American-Israeli computer scientist (born 1956)

Moshe Koppel (משה קופל; born 1956) is an American-Israeli computer scientist, Talmud scholar, political activist and the founder of the Kohelet Policy Forum. He is well known for his research on authorship attribution. Together with Shlomo Argamon and Jonathan Schler, he has shown that statistical analysis of word usage in a document can be used to determine an author's gender, age, native language, and personality type.

==Biography==
Koppel was born and raised in New York, where he received a traditional Jewish education. He studied at Yeshivat Har Etzion in Israel, received a B.A. from Yeshiva University, and, in 1979, completed his doctorate in mathematics under the supervision of Martin Davis at the Courant Institute of New York University.

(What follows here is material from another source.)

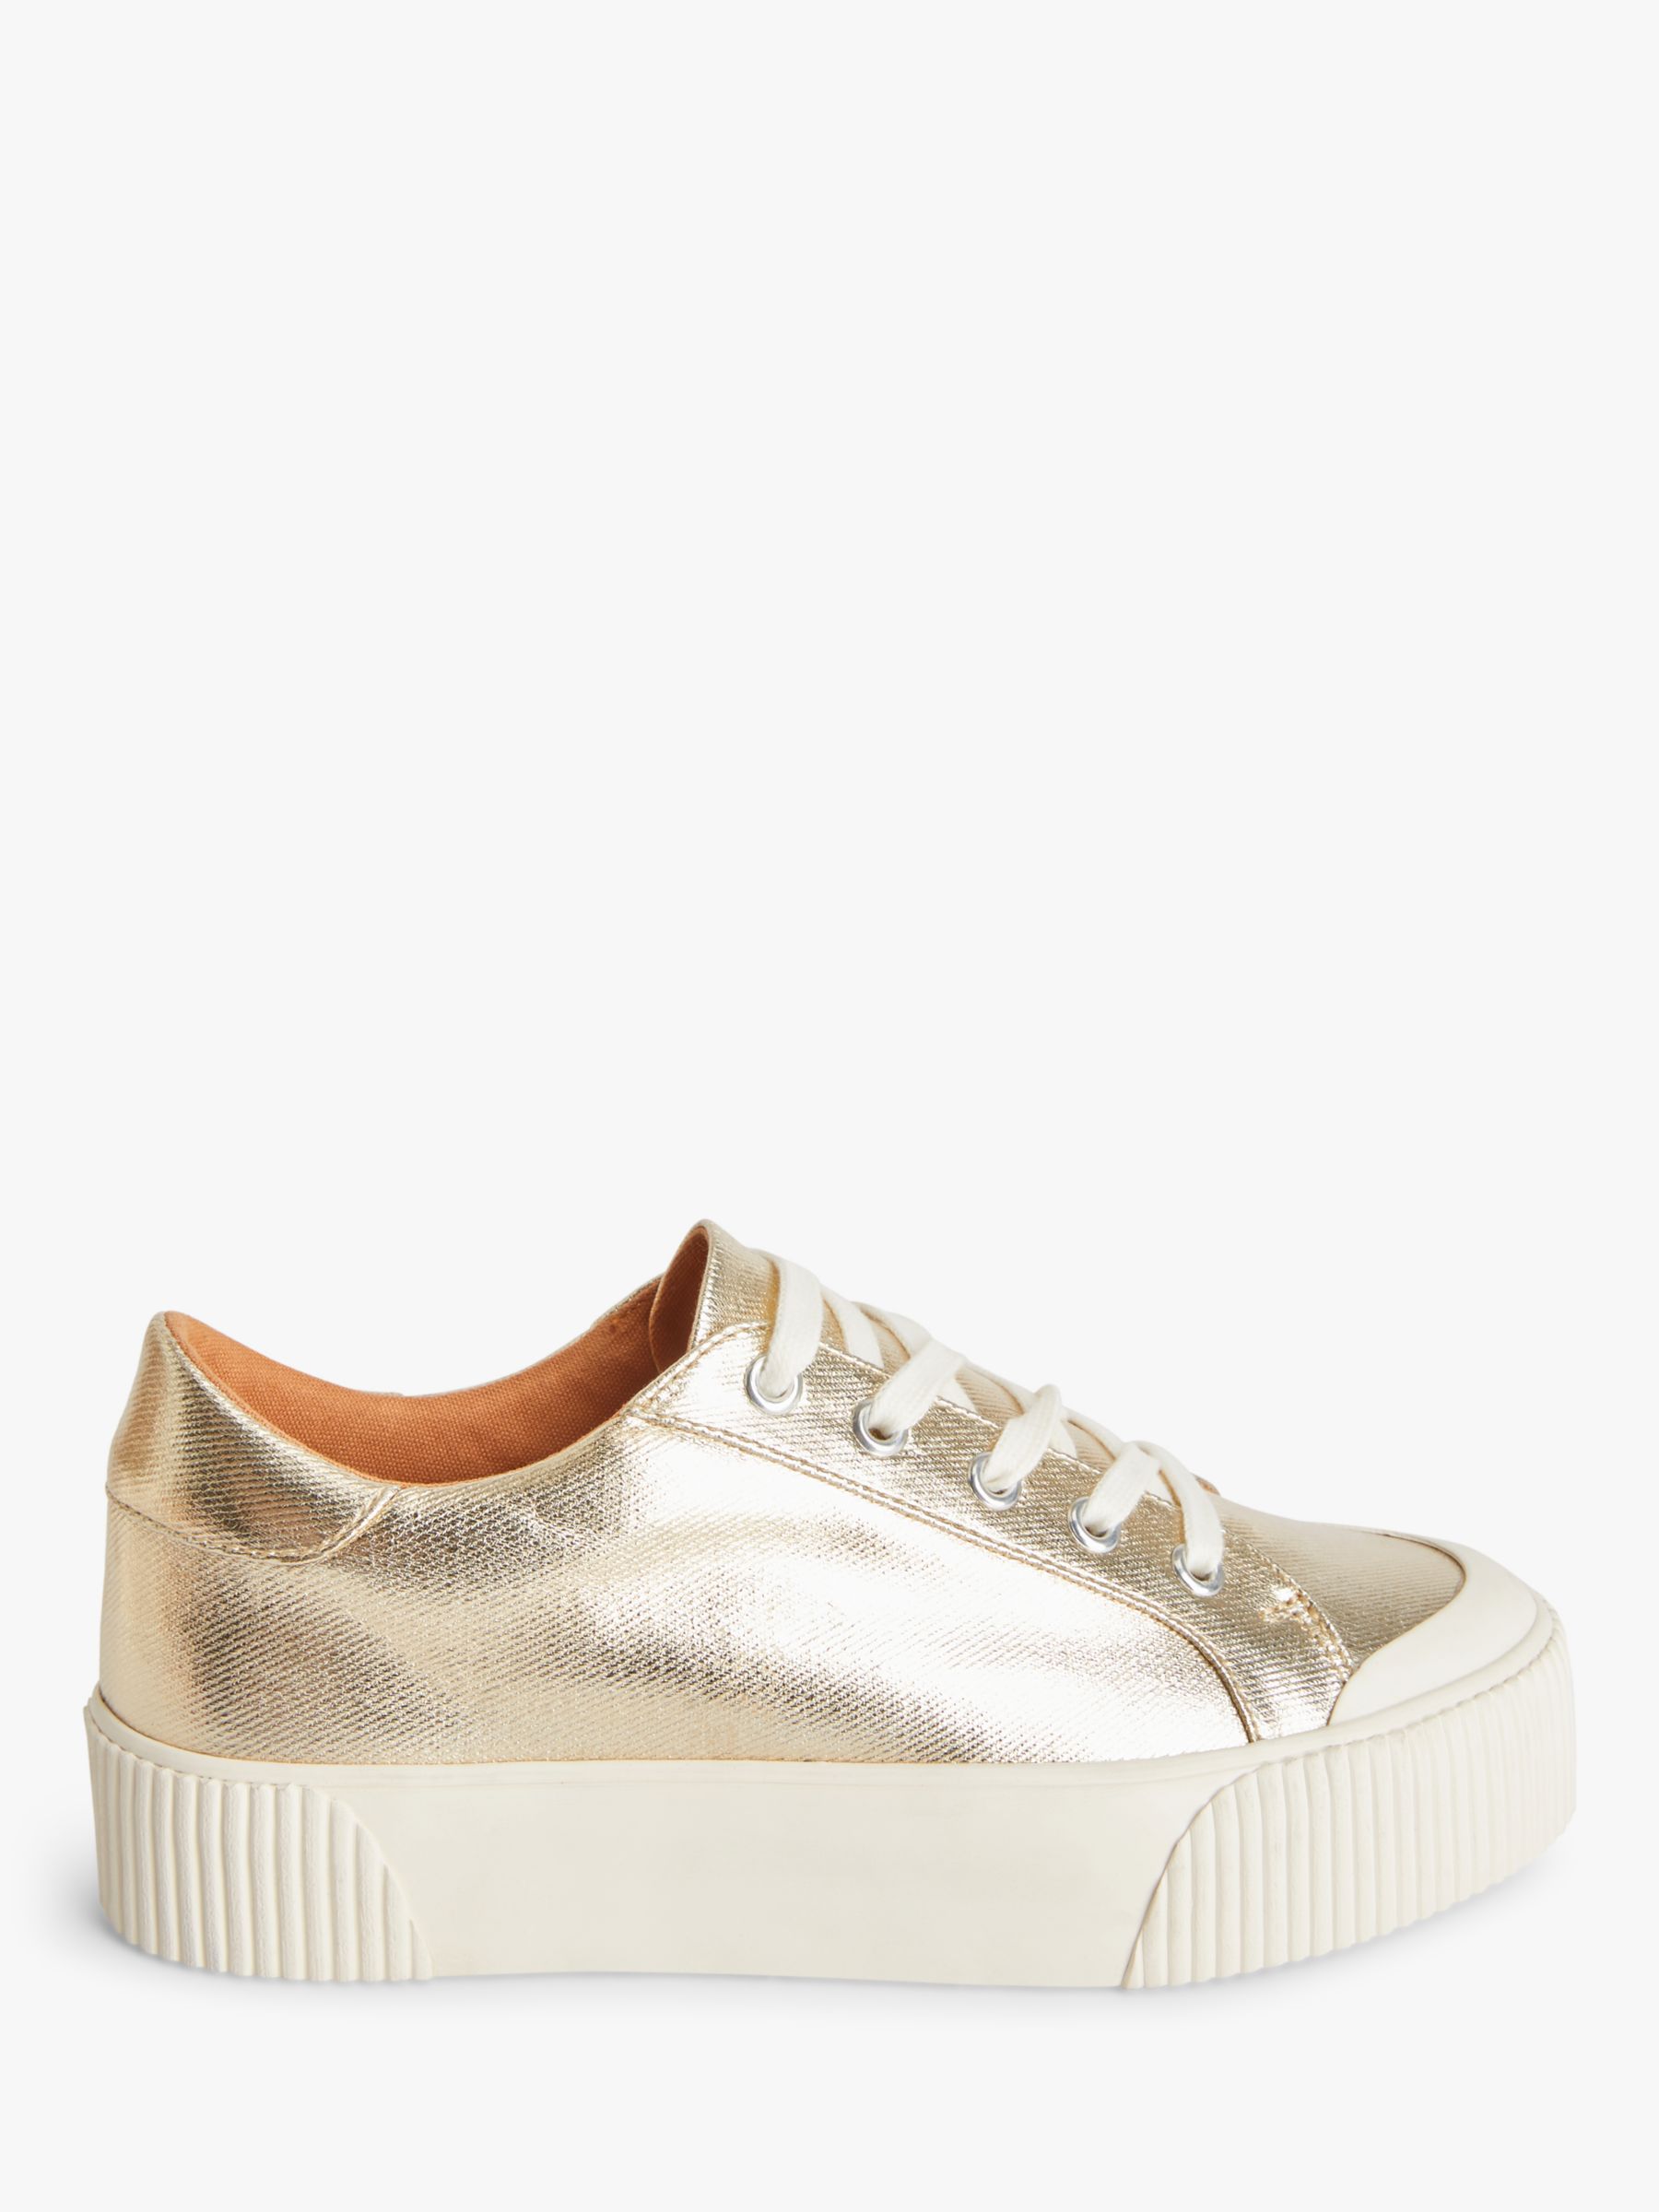 AND/OR Eloisa Flatform Metallic Lace Up Trainers, Gold, 3

He spent a post-doctoral year at the Institute for Advanced Study in Princeton before moving to Israel in 1980. He has been a member of the Bar-Ilan University Department of Computer Science since then.

==Research==
=== Computer science ===
Koppel is best known for his research on authorship attribution. Together with Shlomo Engelson Argamon and Jonathan Schler, he has shown that statistical analysis of word usage in a document can be used to determine an author's gender, age, native language and personality type. The findings regarding gender generated considerable controversy.

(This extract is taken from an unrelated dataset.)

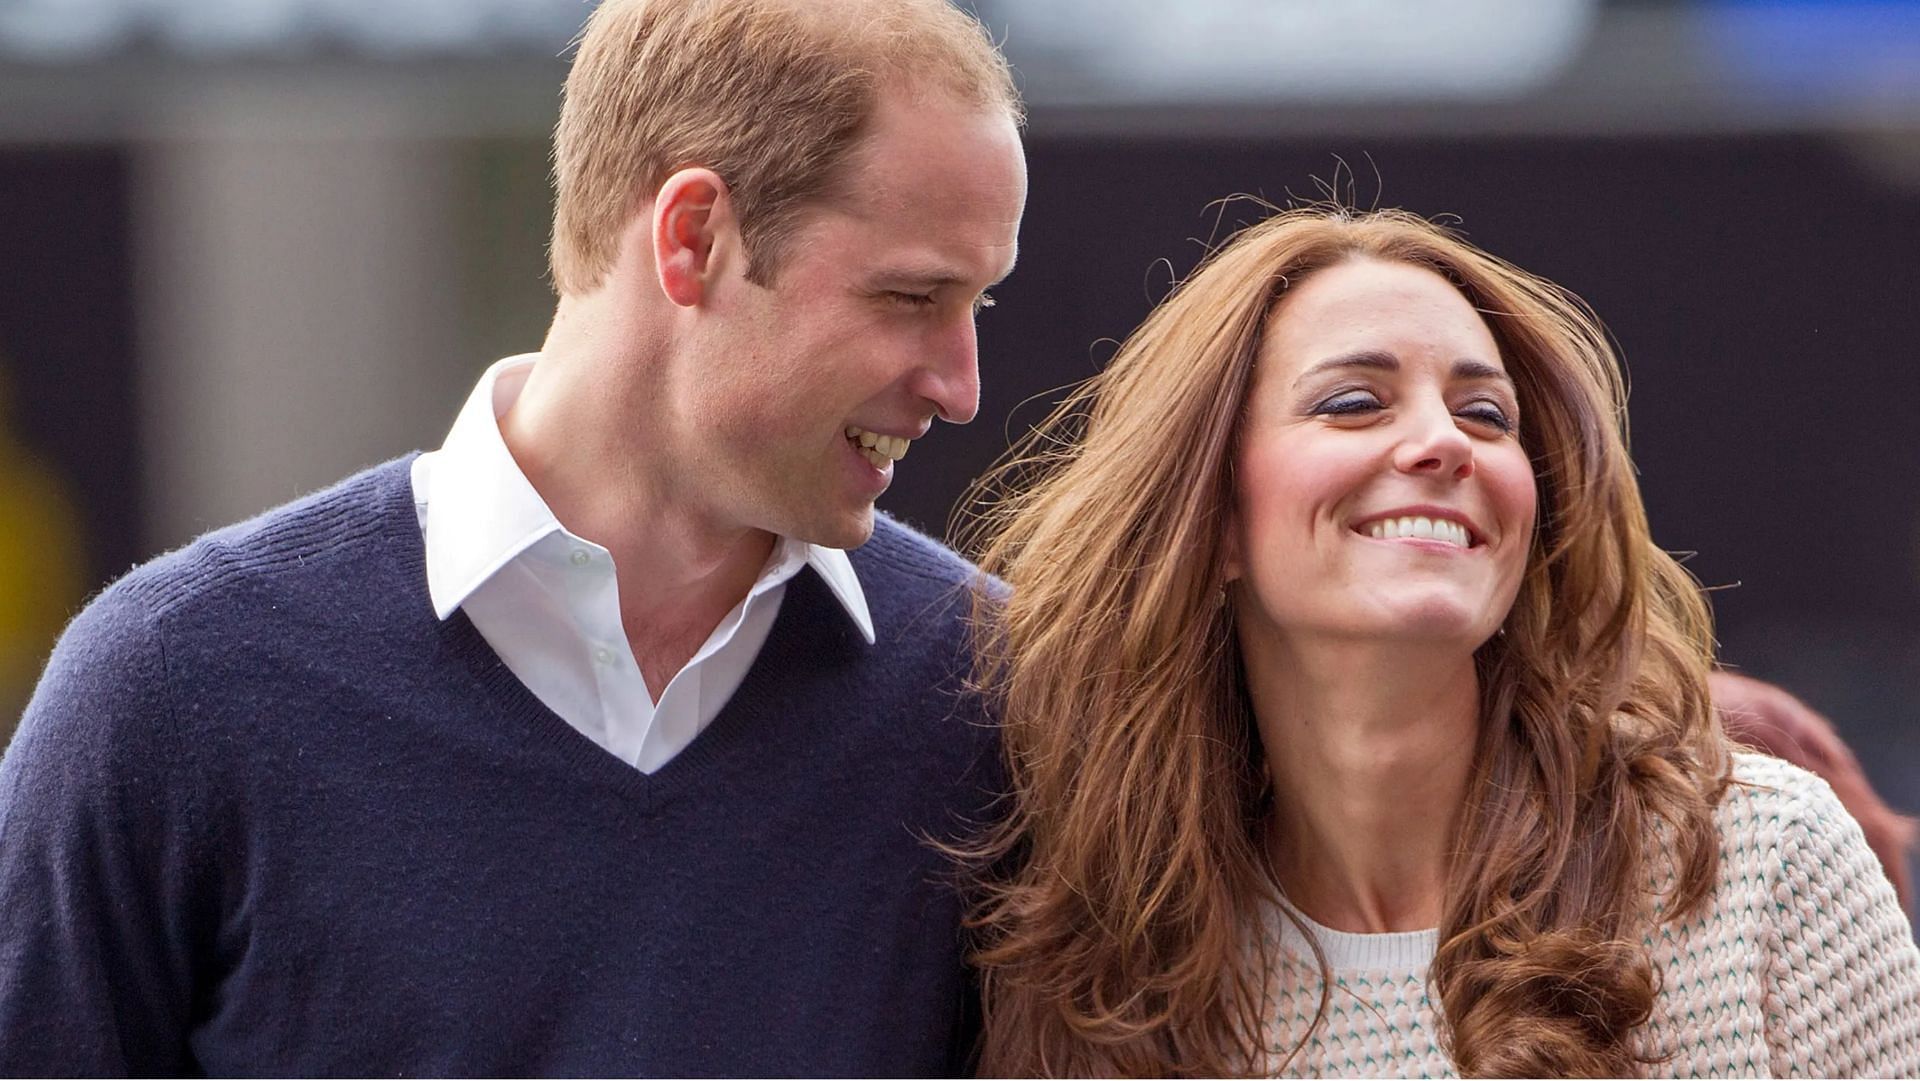 Prince William and Kate Middleton met in 2001. (Image via David Rowland/Getty Images)

In a string of papers, Koppel and colleagues solved many of the main problems in authorship, including authorship verification and authorship attribution with huge open candidate sets.

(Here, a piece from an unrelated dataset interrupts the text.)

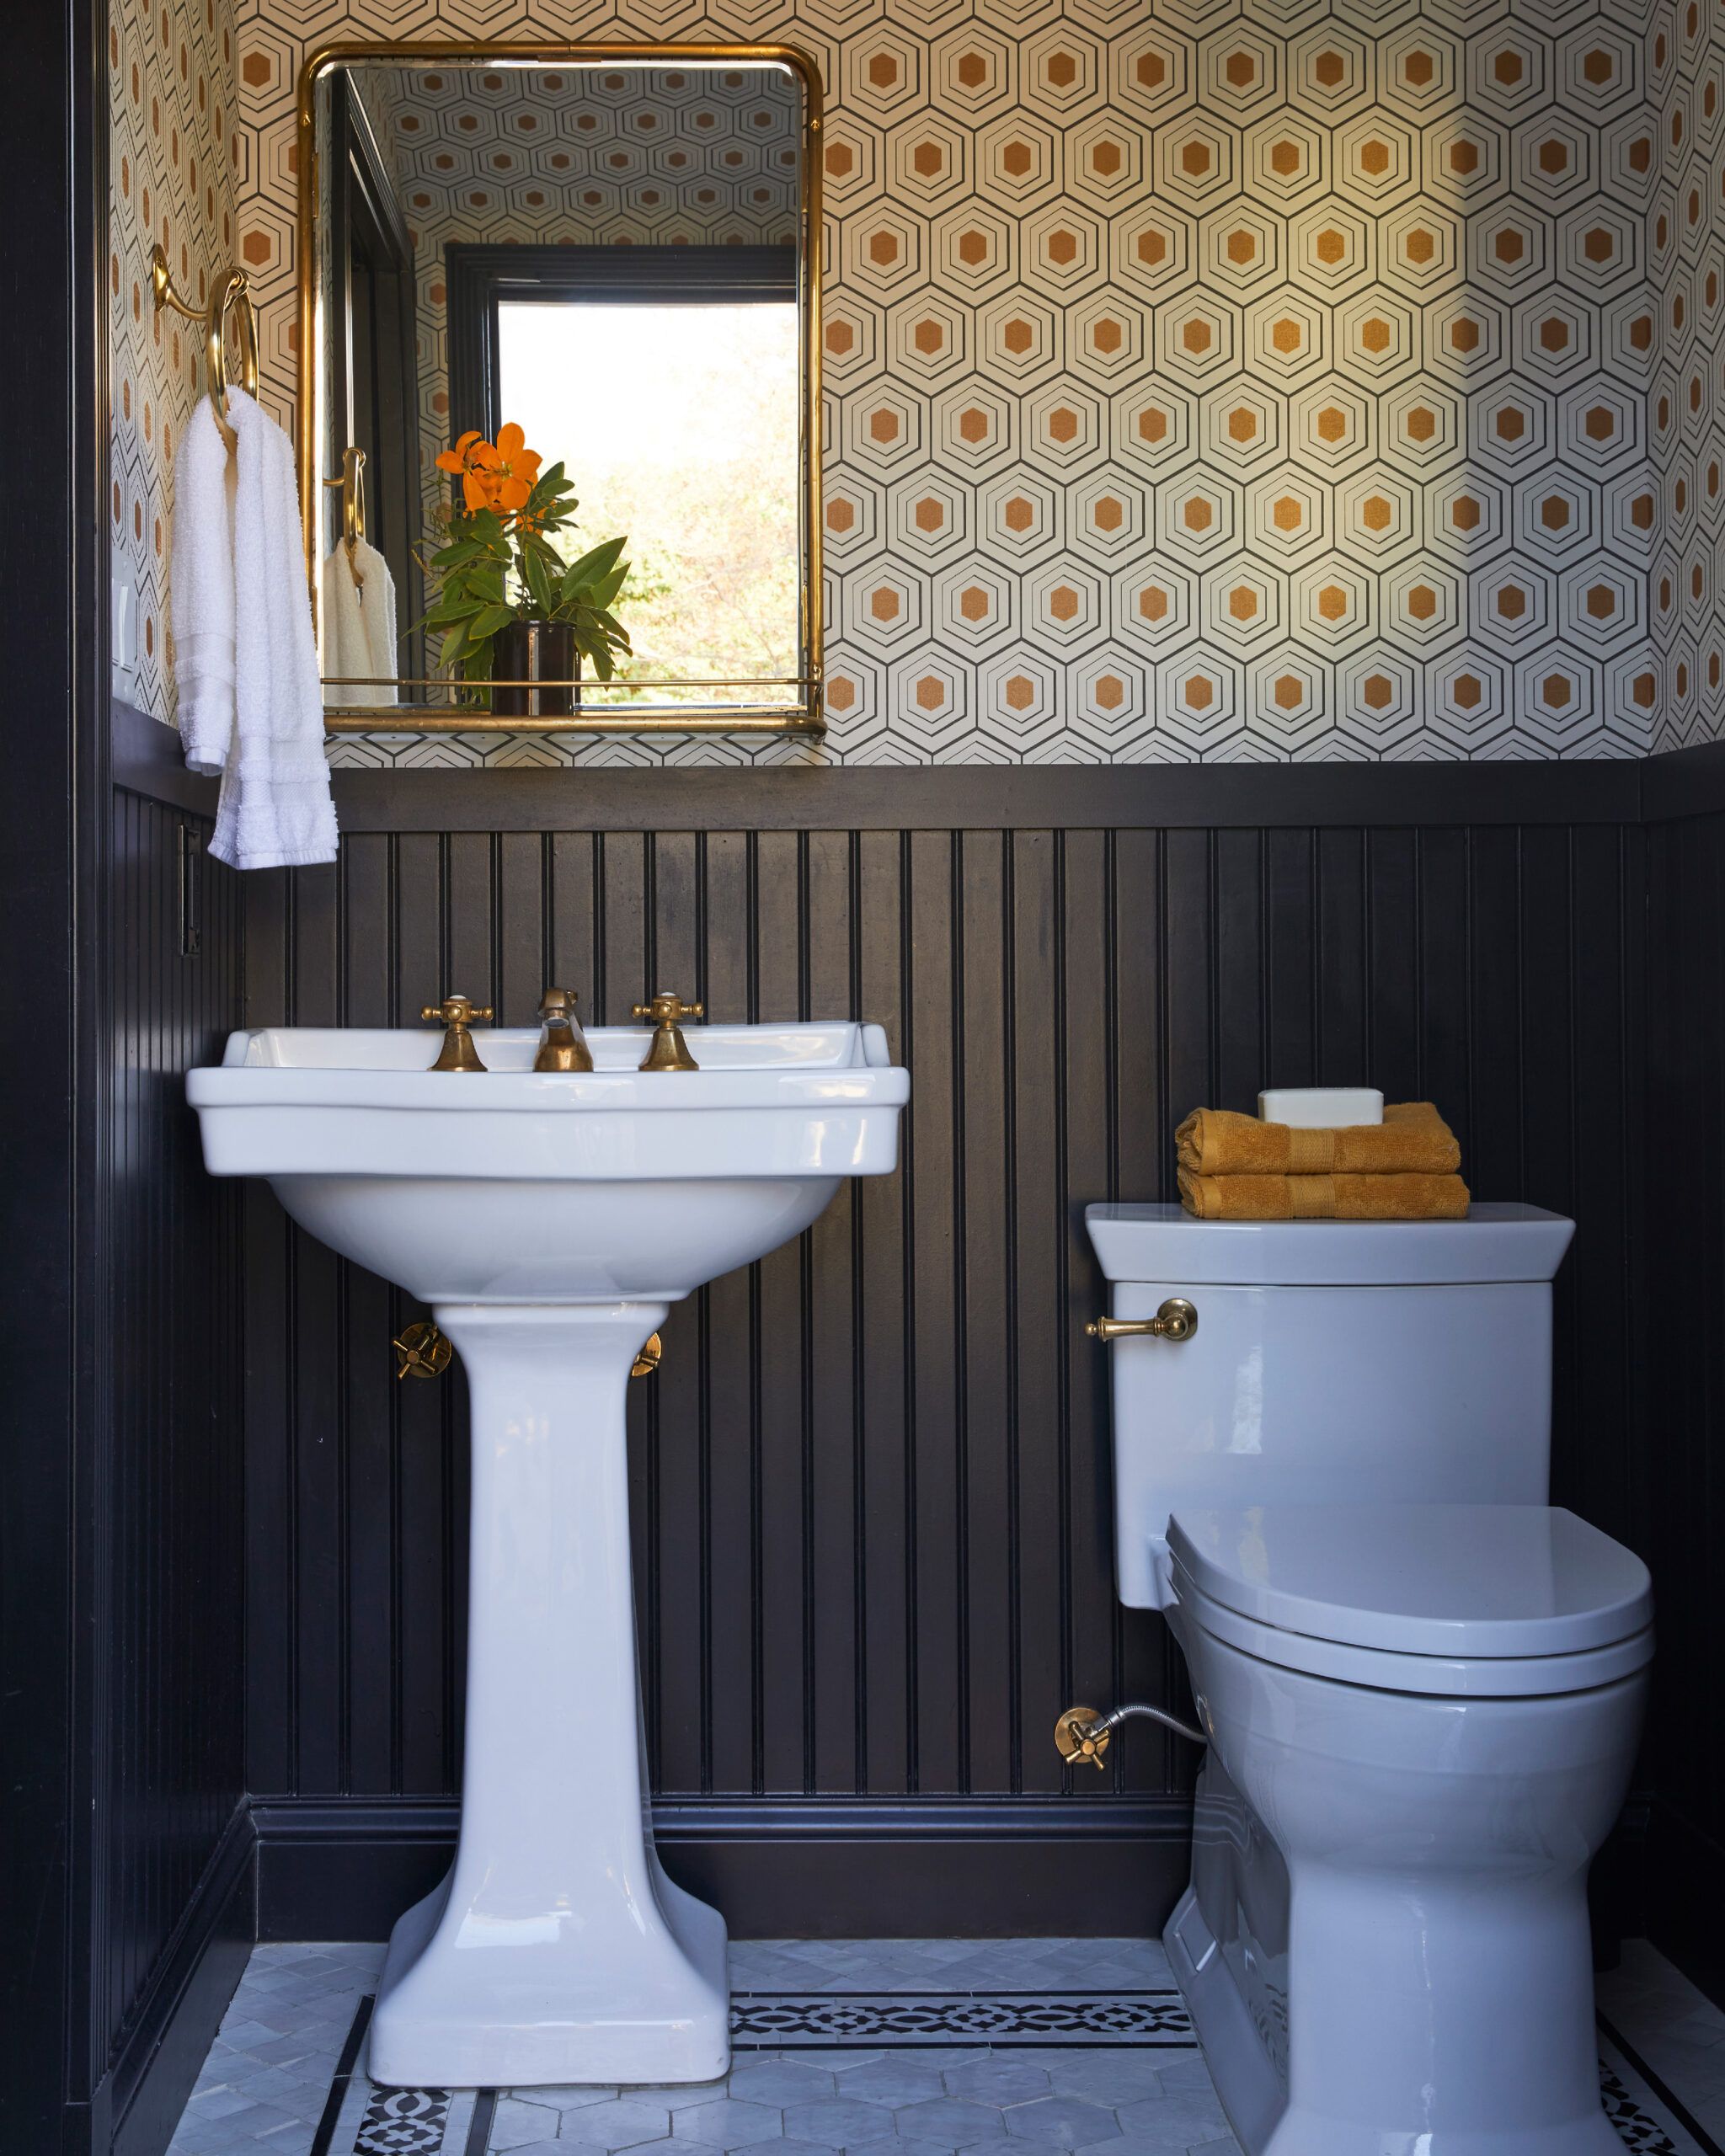 A traditional style pedestal sink and toilet in a powder room.

In recent years, Koppel has published several papers in social choice theory, offering (in joint work with Avraham Diskin) formal definitions of a number of concepts, including disproportionality, and voting power the definitions of which had been the subject of controversy. In related work, Koppel and colleagues have shown how the wisdom of crowds could be optimally exploited.

Along with Nathan Netanyahu and Omid David, Koppel showed that, using only records of games played by grandmasters, a chess program could be trained essentially from scratch to play at grandmaster level. A program designed by Omid David based on these ideas placed second in the speed chess competition in the 2008 World Computer Chess Championship.

=== Talmud ===
Koppel has written two books on the Talmud. Meta-Halakhah showed how ideas formalized in mathematical logic could be used to explicate how the ancient Rabbis understood the unfolding of Jewish law. Seder Kinnim is a mathematical commentary on Tractate Kinnim, generally regarded as the most difficult tractate in the Mishna.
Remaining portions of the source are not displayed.